My grandfather used to tell a joke about a magazine running a contest where the first prize was an all-expenses-paid week in Pittsburgh --- and the second prize was two weeks. With that kind of baseline, it's nice to see it getting some love from National Geographic and from the Times, though calling Butler Street in Lawrenceville a "design district" may still be a bit of a stretch. (The Coca Cafe is indeed very nice, however.)
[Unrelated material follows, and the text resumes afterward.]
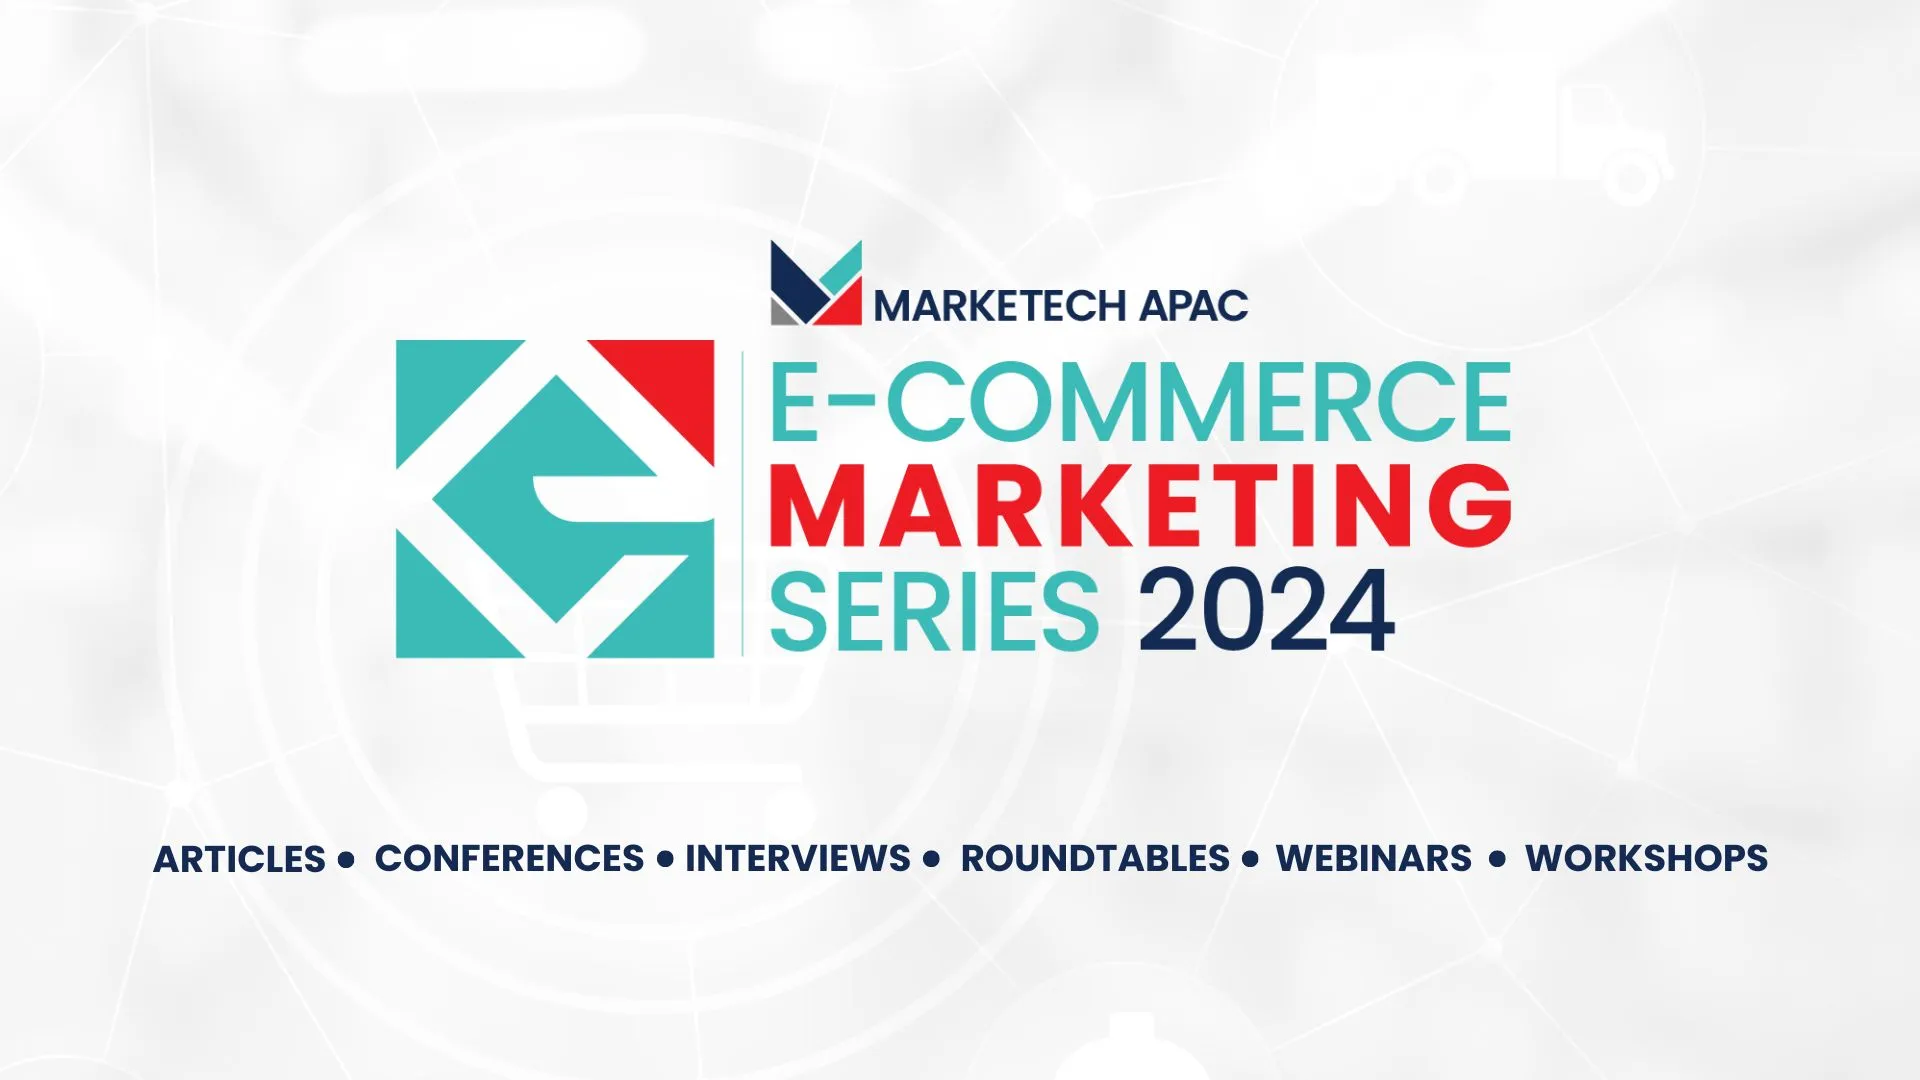 MARKETECH APAC empowers businesses on future of online commerce with launch of inaugural ‘E-Commerce Marketing Series’

The funniest endorsement of Pittsburgh as a travel destination I've read lately is undoubtedly the Washington Post's account of Richard Mellon Scaife's marital troubles. What makes it extra amusing to me is that Scaife and his soon-to-be-ex-wife live in my neighborhood, and I go past his house on my usual running route. (I guessed the "Welcome home, Beauregard" sign was about the dog coming back from the vet's.) While I am, of course, sad that my fellow Shadysiders are having such an ugly divorce, I can't help feeling that it couldn't happen to a nastier wingnut. The role of obscene amounts of inherited money in fostering the whole sordid spectacle is more yet evidence that Andrew Carnegie was on to something when he declared "The man who dies thus rich dies disgraced."
(Via Kris Klinkner in e-mail, except for the Post story, via Krugman's blog.)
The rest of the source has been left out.